Over the last five years of chatting, gaming, and watching a number of streamers majorly grow their communities, a few things stick out when it comes to relationship building.
Almost weekly, I think of this Arlan Hamilton quote: “Be yourself so the people looking for you can find you.”
When I look at the streamers and creators I follow and respect the most, they all have this in common. They create welcoming environments based around being themselves. To build a genuine relationship, you must be genuine yourself. That’s how you find and attract other people with similar values and principles. That’s how you stay mentally and emotionally fulfilled. That’s how you show others who think or act differently from you that you’re still someone worth knowing.
Sharing authentic parts of you gives other people permission to do the same. Relationships with acquaintances turn into friendships. Relationships with customers or coworkers turn into collaborations. It all builds trust. As difficult as it can be to act and speak authentically, it ultimately rewards you.
Boundaries Lead to Healthy Relationships
Being yourself doesn’t mean sharing everything. Setting boundaries protects you and anyone you interact with. Not everyone should be constantly entitled to your time, energy, and talents.
Twitch creators often set boundaries over when/how they communicate, what the community can talk about in chat, and the types of content they stream. Some of these boundaries get expressed outright and others can be clearly inferred. Not just on Twitch but in life in general, the people with the strongest healthy relationships also seem to have the strongest boundaries.
Clear expectations between people result in greater trust and understanding. Boundaries with friends, family, coworkers, neighbors, etc., allow you to be the best version of yourself.
More Connections ≠ Equal Quality Connections
Despite what high school clique stereotypes might have led you to believe, your friendships aren’t inherently more valuable when you have more of them.

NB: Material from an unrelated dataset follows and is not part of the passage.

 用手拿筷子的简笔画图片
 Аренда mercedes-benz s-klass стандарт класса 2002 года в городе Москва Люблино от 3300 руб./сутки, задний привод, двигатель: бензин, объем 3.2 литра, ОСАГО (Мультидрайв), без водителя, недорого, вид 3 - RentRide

Big communities do have the potential to have a big impact, but that doesn’t make that group inherently more worthwhile or more fun to spend time with. So many amazing fundraising projects get supported on Twitch through Tiltify and other platforms — and plenty of them are put on by “small” streamers.
Beyond monetary, donation-based projects, the impact of a single person on another single person can’t be discounted. Just being a small reason that someone has a better day matters.
Ultimately, a large network means nothing if you don’t use it to help others or connect the people you know with each other. By focusing only on the number of relationships you make, little time is left to sustain those relationships.
Practice Reckless Optimism
Even by observing Twitch communities I’m not an active part of, I’ve seen one thing stand out: Negativity drains you and it drains others. Communities and streamers that thrive and continue to grow fill their streams with optimism.*
Just like unrealistic positivity isn’t sustainable, neither is unrealistic negativity. To practice reckless optimism, you approach all challenges with the best outcomes in mind. You acknowledge the obstacles and deterrents to your success. You know your goals won’t be easily achievable. You know life is hard. You just don’t let those hard things dictate what happens to you. You believe in others. You believe in yourself. You practice reckless optimism.
Plus, it’s legitimately fun to support people doing positive things, whether those are your closest friends, your neighbors, or coworkers.
*Are there communities that thrive on negativity and trolling? Yeah. But those groups weren’t trying to build good relationships in the first place. People within those communities get hurt. They hurt other people. The negativity no longer gets rewarded.
Let’s Be Online Friends
What online communities are you involved in? What sort of positive relationships have you built because of them? These aren’t rhetorical questions. Add me on LinkedIn and let’s talk about it![/vc_column_text][/vc_column][/vc_row]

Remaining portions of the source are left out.